Sure. You just shouldn't be returning an actual value.
Yes, you can use that code to return from the function. (I have to be very verbose here to make Stack Overflow not say that my answer is too short)
Yes, that will return from the function to the previous level of recursion. This is going to be very basic explanation, but when you call a function you are creating a new call stack. In a recursive function you are simply adding to that call stack. By returning from a function, whether you return a value or not, you are moving the stack pointer back to the previous function on the stack. It's sort of like a stack of plates. You keep putting plates on it, but than returning moves the top plate.

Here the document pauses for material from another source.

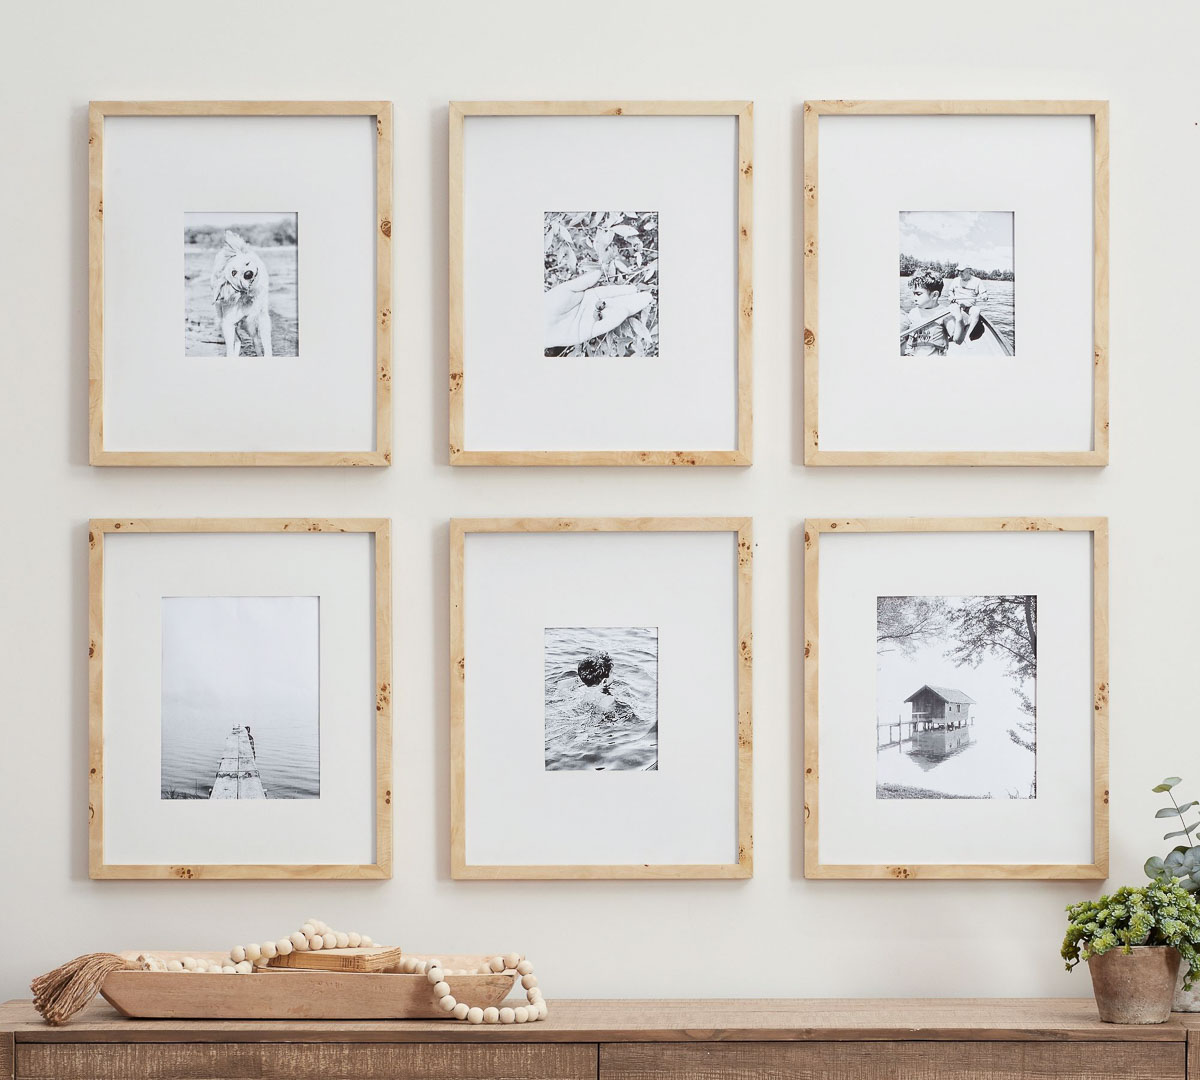 Set of 6 same sized frames hung in a classic grid as a simple gallery wall layout

You could also verify this by using a debugger. Just put a few break points in your code and step through it. You can verify yourself that it works.
The simple answer to this is YES! C++ recognise void method as a function with no return. It basically tells the compiler that whatever happens, once you see the return; break and leave the method....
Yes, sometimes you may wish to return void() instead of just nothing.
Consider a void function that wants to call some pass-through void functions without a bunch of if-else.
return
InputEvent == E_Pressed ? Controller->Grip() :
InputEvent == E_Released ? Controller->Release() :
InputEvent == E_Touched ? Controller->Touch() : void();
You shouldn't have to have the return there, the program will return to the previous function by itself, go into debug mode and step through and you can see it yourself.
On the other hand i don't think having a return there will harm the program at all.
As everyone else said, yes you can. In this example, return is not necessary and questionably serves a purpose. I think what you are referring to is an early return in the middle of a function. You can do that too however it is bad programming practice because it leads to complicated control flow (not single-entry single-exit), along with statements like break. Instead, just skip over the remainder of the function using conditionals like if/else().